L’équipe del Geo Risk Research di Monaco ha messo
a punto un nuovo metodo per stabilire con maggiore precisione l’impatto
del Sole sugli esseri umani, tenendo conto dell’inclinazione
delle superfici su cui i raggi battono e delle diverse posture
del corpo. Usando questo metodo, sostiene il biometeorologo coordinatore
del gruppo di ricerca Peter Hoeppe, emerge che siamo bombardati
da un flusso di UV più forte di quello stabilito con calcoli
tradizionali.
Nel corso delle indagini, durate tre anni, i ricercatori hanno
rilevato ogni due minuti l’intensità degli UV contro
27 superfici, inclinate ciascuna in modo diverso in tre differenti
località tedesche. Dalla vasta mole di dati raccolti e rielaborati,
gli esperti hanno costruito un modello in tre dimensioni del corpo
umano mostrando in modo accurato l’esposizione del corpo
a diverse condizioni di sole e in differenti posture, tenendo
anche conto del surplus di raggi dovuti al riverbero di superfici
vicine.
Con queste evidenze sperimentali sotto i raggi UV, si aprono
tantissime possibilità finora inesplorate: bisogna infatti considerare
l’impatto dei raggi su superfici verticali, come i nostri
corpi in piedi, soprattutto quando il sole è basso. Gli
sciatori, per esempio, potrebbero essere molto più a rischio
del previsto, anche in virtù del fatto che la neve riflette
il 60% dei raggi ricevuti.
Senza avere la presunzione di mandare in pensione il metodo oggi
in uso, basato solo sulla scansione di superfici orizzontali,
i ricercatori sottolineano la possibilità di informare le
persone su quali siano le zone del loro corpo più a rischio
in base alla postura e al periodo di esposizione nel corso della
giornata.
Abbronzati & sicuri, manuale di autodifesa dal solleone
Quando si tratta di tintarella, le precauzioni non sono mai abbastanza.
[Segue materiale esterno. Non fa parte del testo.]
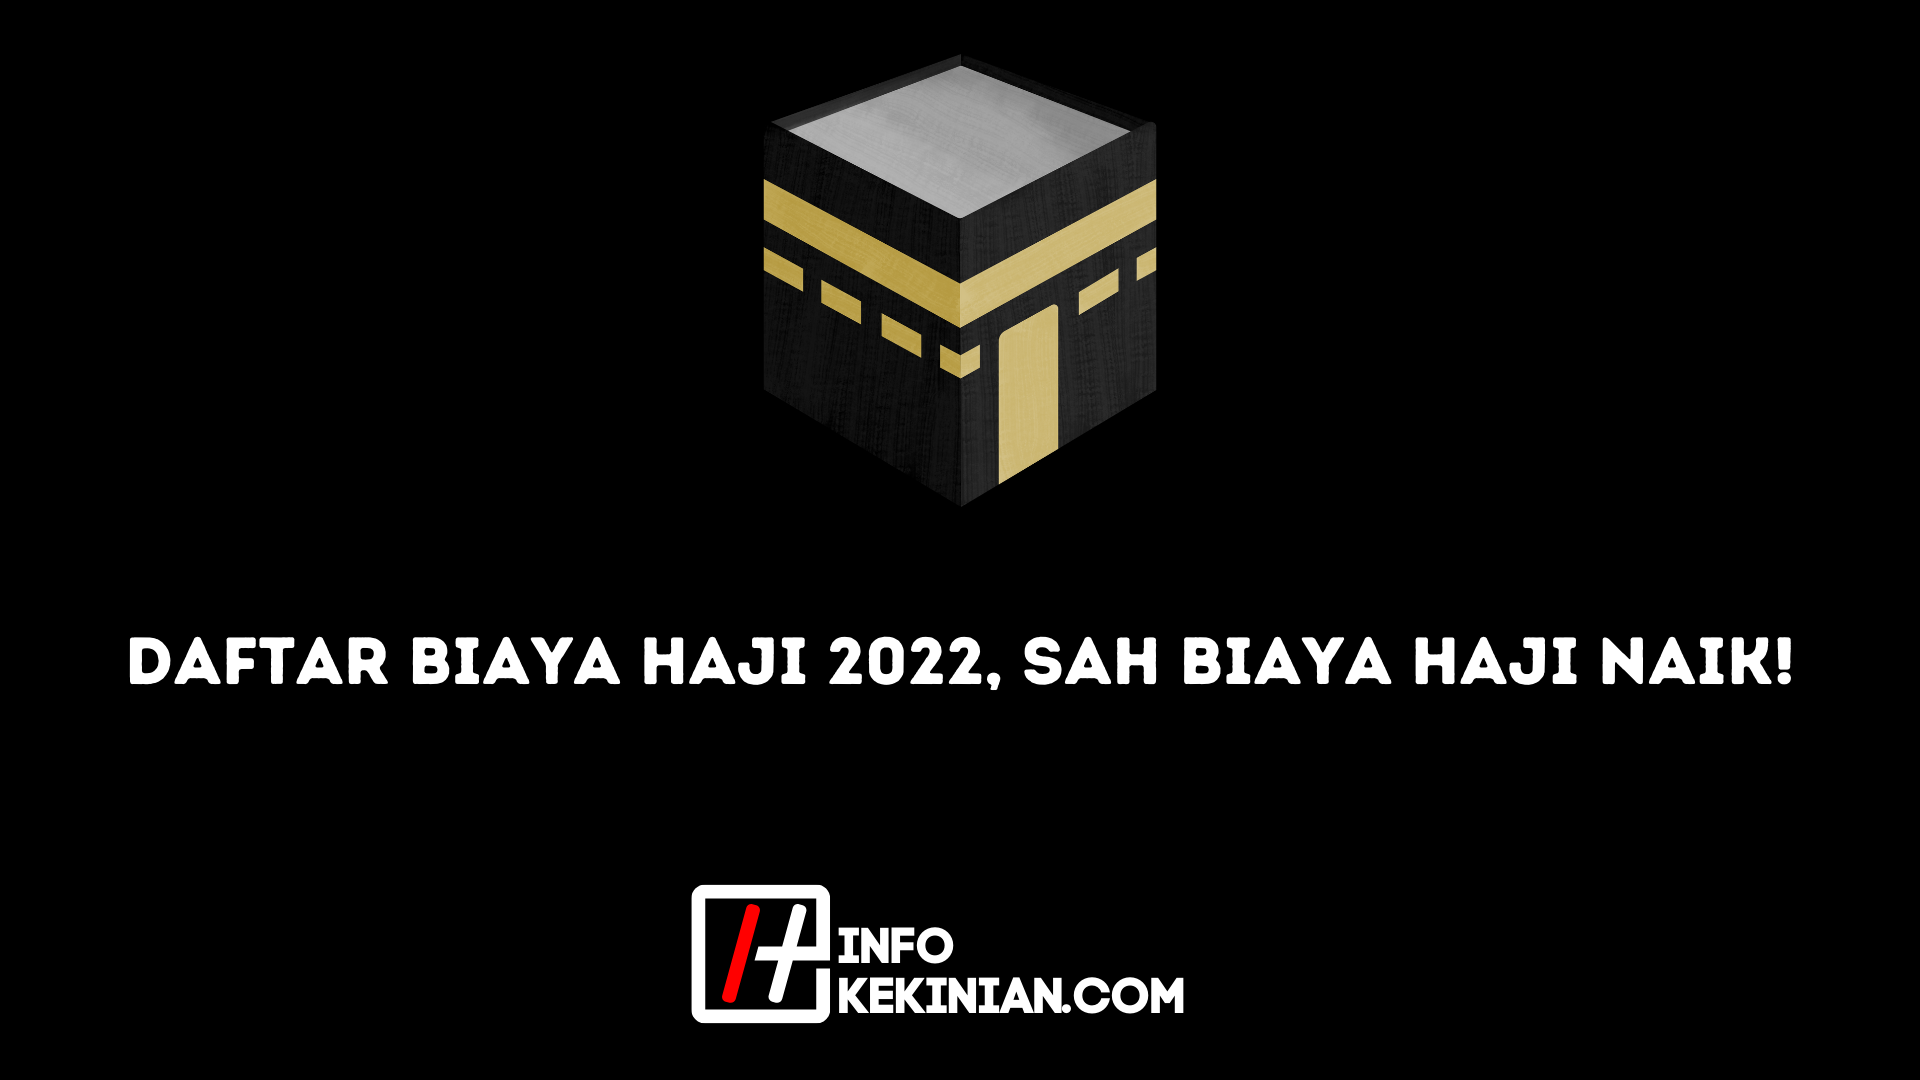 Daftar Biaya Haji 2022 Sah Biaya Haji Naik

La tentazione di sdraiarsi al sole per rosolarsi senza troppe
preoccupazioni è troppo forte. Ma è anche molto
pericolosa. Ecco perché diventa indispensabile osservare
una serie di regole che ci mettano al riparo da sorprese sgradevoli
per il nostro organismo, a brevissimo, medio e lungo termine.
La raccomandazione di base è di rispettare il proprio fototipo,
cioè il particolare tipo di pelle e la relativa sensibilità ai
raggi solari del vostro corpo. Ne esistono quattro, in ordine crescente
di tollerabilità del sole. Le persone con pelle bianco-latte
ed i capelli rossi o biondi non possono esporsi neppure per breve
tempo, perché finiscono sempre con l’ustionarsi senza
abbronzarsi. Chi ha invece un minimo di colorito naturale e capelli
bruni o castani, riesce, se protetto, a sviluppare una leggera
abbronzatura seppure con qualche rischio di scottature. Chi ha
invece l’incarnato olivastro si abbronza con grande facilità e
non rischia quasi mai di scottarsi.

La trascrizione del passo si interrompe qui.